◆ Dataset records ◆
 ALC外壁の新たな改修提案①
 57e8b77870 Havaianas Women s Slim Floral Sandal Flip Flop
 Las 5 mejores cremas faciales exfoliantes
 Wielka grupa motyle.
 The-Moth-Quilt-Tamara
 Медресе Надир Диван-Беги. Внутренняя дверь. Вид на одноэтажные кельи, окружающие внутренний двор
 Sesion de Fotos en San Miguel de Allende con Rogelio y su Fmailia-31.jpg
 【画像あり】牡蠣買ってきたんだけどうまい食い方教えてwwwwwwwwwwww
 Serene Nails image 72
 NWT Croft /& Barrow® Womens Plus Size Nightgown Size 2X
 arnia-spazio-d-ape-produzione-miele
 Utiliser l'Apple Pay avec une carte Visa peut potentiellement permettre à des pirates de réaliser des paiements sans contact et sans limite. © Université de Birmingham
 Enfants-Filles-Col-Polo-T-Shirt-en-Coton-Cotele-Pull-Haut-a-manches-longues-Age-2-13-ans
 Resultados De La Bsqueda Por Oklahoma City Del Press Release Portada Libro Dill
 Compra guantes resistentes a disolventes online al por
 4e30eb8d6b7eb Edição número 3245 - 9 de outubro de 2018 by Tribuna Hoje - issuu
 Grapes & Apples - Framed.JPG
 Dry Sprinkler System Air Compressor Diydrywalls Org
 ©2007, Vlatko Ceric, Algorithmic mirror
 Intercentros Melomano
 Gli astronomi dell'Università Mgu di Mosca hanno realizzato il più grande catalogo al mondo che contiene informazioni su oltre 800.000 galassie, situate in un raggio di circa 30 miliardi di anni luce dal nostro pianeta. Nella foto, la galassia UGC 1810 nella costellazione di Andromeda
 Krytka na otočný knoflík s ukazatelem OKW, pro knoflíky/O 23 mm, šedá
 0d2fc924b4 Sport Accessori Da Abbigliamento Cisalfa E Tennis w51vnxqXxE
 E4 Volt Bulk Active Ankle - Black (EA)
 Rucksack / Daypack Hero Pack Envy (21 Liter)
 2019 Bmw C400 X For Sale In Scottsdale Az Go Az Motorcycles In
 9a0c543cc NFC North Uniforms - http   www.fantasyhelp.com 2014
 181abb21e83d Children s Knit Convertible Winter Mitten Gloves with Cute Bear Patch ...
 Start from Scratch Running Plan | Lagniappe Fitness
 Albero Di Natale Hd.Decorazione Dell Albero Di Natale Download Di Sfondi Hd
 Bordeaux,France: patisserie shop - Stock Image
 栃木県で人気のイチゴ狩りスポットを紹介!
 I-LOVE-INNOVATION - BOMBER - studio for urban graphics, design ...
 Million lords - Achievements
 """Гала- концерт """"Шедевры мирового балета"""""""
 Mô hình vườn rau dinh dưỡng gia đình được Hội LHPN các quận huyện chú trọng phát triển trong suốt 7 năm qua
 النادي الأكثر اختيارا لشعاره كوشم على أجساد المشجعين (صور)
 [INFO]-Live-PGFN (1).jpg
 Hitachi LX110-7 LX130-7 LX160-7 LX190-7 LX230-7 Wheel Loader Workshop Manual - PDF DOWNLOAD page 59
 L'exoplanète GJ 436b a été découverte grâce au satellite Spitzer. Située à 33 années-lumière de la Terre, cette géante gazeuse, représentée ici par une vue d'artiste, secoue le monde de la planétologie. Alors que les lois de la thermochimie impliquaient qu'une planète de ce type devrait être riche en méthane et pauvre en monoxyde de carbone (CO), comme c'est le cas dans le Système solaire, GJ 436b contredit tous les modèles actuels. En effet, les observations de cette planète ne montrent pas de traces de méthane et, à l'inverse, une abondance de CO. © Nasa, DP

◆ What you should do ◆
After locating the line with "Dry Sprinkler System" above, return that line and every later line through the one with "2019 Bmw C400", word for word and with nothing else.

◆ Reply to the exercise ◆
 Dry Sprinkler System Air Compressor Diydrywalls Org
 ©2007, Vlatko Ceric, Algorithmic mirror
 Intercentros Melomano
 Gli astronomi dell'Università Mgu di Mosca hanno realizzato il più grande catalogo al mondo che contiene informazioni su oltre 800.000 galassie, situate in un raggio di circa 30 miliardi di anni luce dal nostro pianeta. Nella foto, la galassia UGC 1810 nella costellazione di Andromeda
 Krytka na otočný knoflík s ukazatelem OKW, pro knoflíky/O 23 mm, šedá
 0d2fc924b4 Sport Accessori Da Abbigliamento Cisalfa E Tennis w51vnxqXxE
 E4 Volt Bulk Active Ankle - Black (EA)
 Rucksack / Daypack Hero Pack Envy (21 Liter)
 2019 Bmw C400 X For Sale In Scottsdale Az Go Az Motorcycles In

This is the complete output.